Arrivare alla decisione di adottare nasce, quasi sempre, da una ferita: la scoperta della propria infertilità. In lui o in lei qualche problema impedisce che, insieme, possano mettere al mondo un bambino. Non è facile fare i conti con questo limite. E il pericolo nel quale entrambi rischiano di cadere è di concentrare lì, nella mancanza di un figlio, tutta la loro relazione. Al punto, non di rado, da convincersi che solo un figlio può dare significato al loro progetto di famiglia.

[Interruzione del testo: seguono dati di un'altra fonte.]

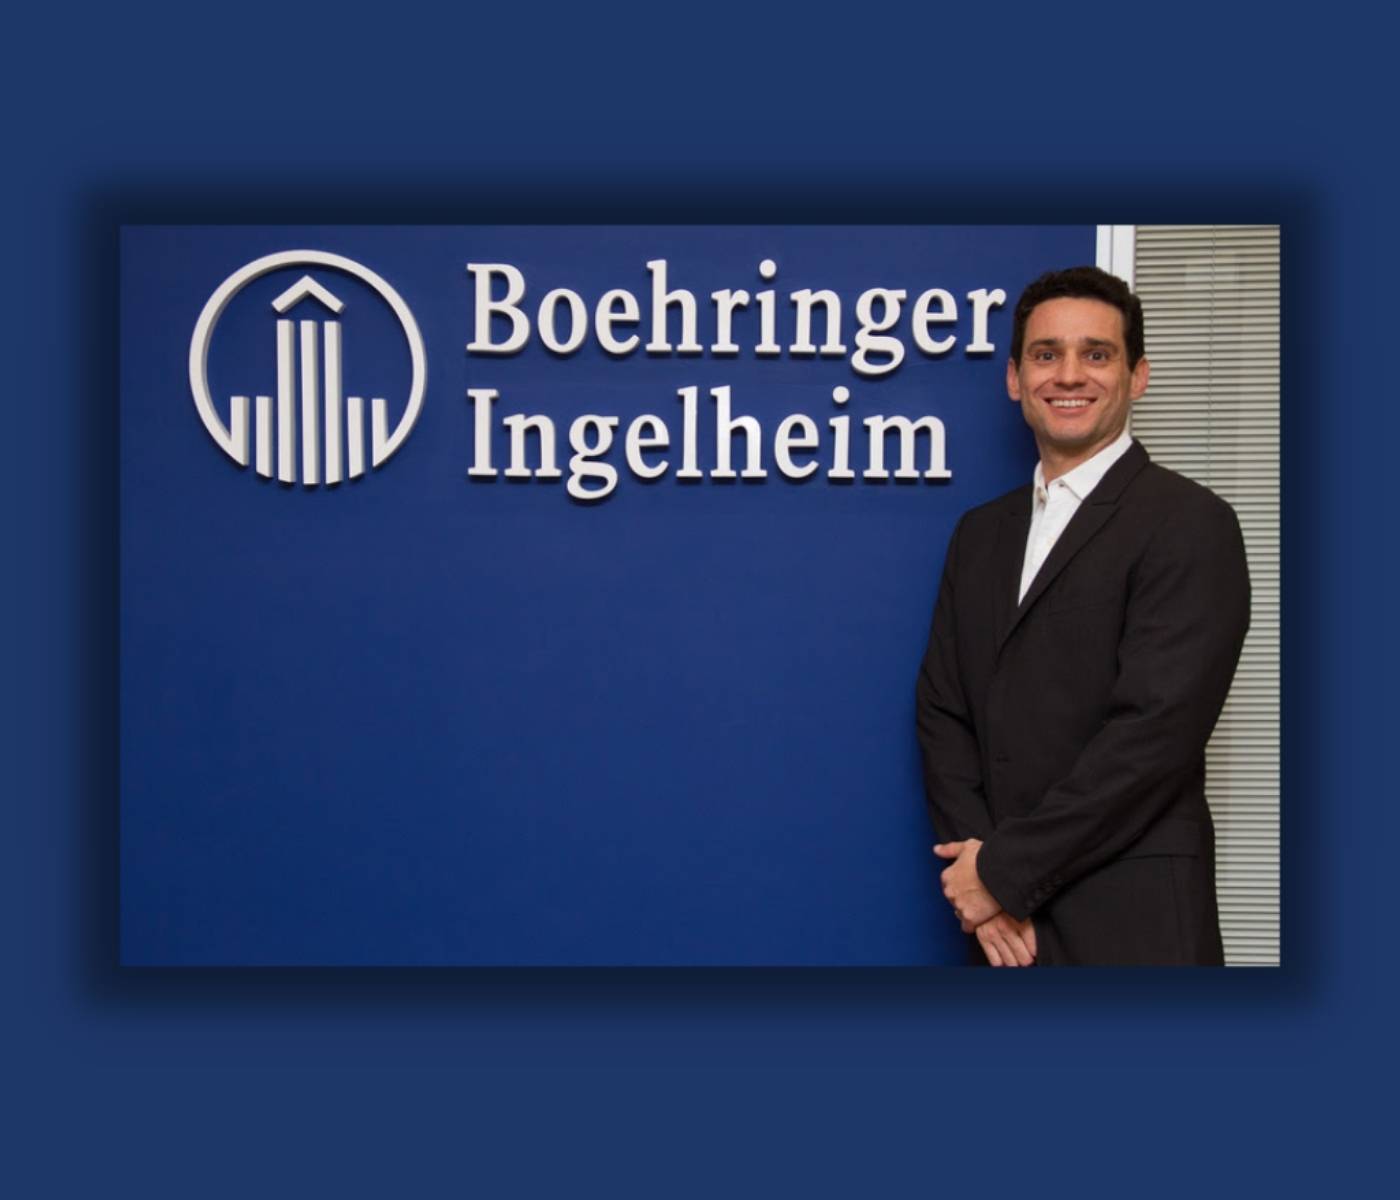  Executivo brasileiro da Boehringer Ingelheim assume divisão de Saúde Animal da empresa na Colômbia e Venezuela
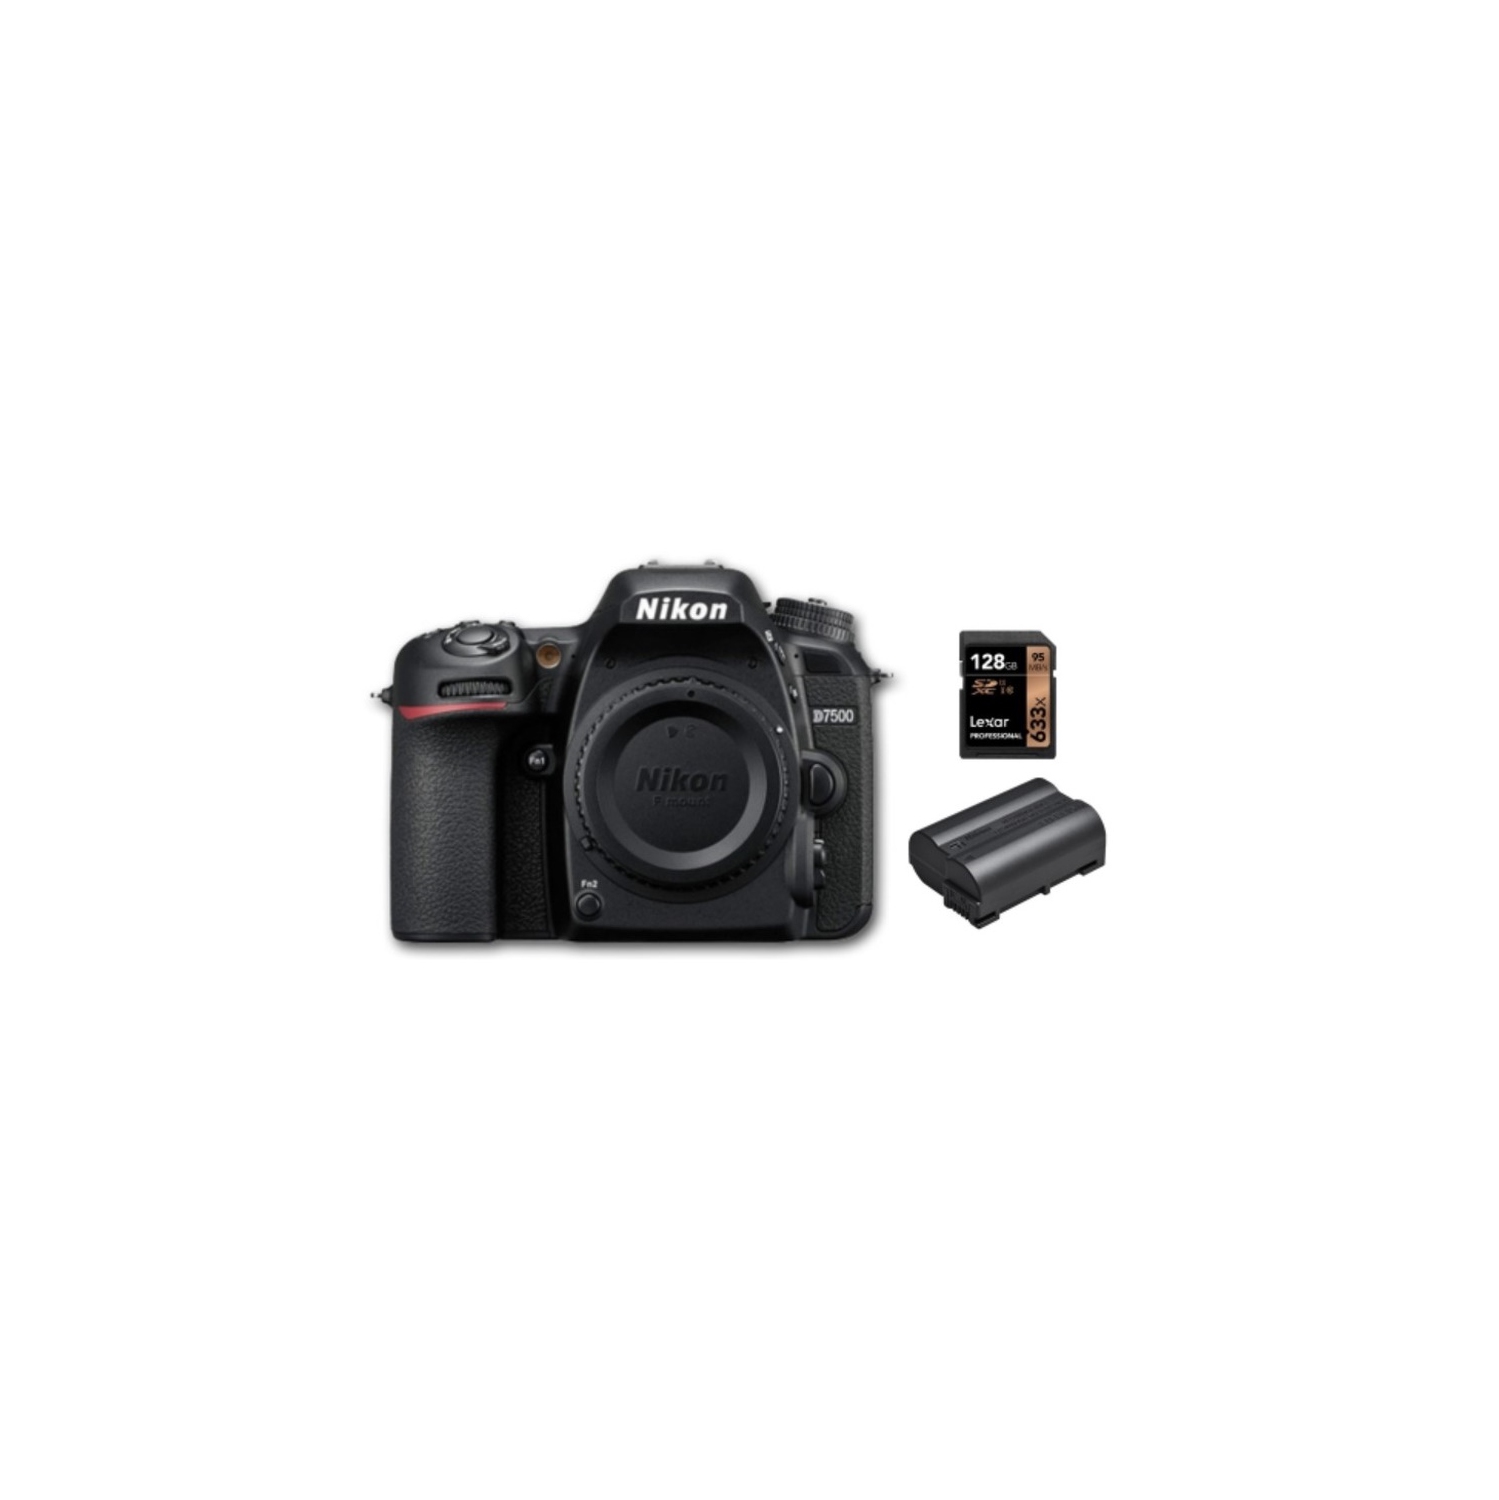 Nikon D7500 + EN-EL15C Batt + 128GB 800x SD

Immersi in questa ricerca, possono venirne catturati al punto da far perdere alla loro relazione quei significati, quei valori che all’origine li avevano fatti incontrare e li avevano uniti così tanto da decidere di condividere la vita. Se è questo lo stato d’animo, questo il colore del loro rapporto, è facile comprendere a quali aspettative dovrà rispondere il bambino che verrà. Così alte che nessun figlio potrà mai soddisfarle pienamente.

Adottare significa aprire la propria casa a un figlio che una casa non ce l’ha. Il rischio è che piuttosto che donare una famiglia a un bambino, cadiamo nel processo inverso: cerchiamo un bambino per una famiglia. Un bambino che dia significato alla vita di due adulti che, da soli, lo stanno perdendo.

 

Ma ora il figlio è arrivato. Gli anni passano e Elisa chiede. Lei ha bisogno di uscire dal dolore di essere stata abbandonata. Questo è il vissuto di sottofondo e che ogni tanto riemerge. Soprattutto nei momenti di crisi. Chi può aiutarla?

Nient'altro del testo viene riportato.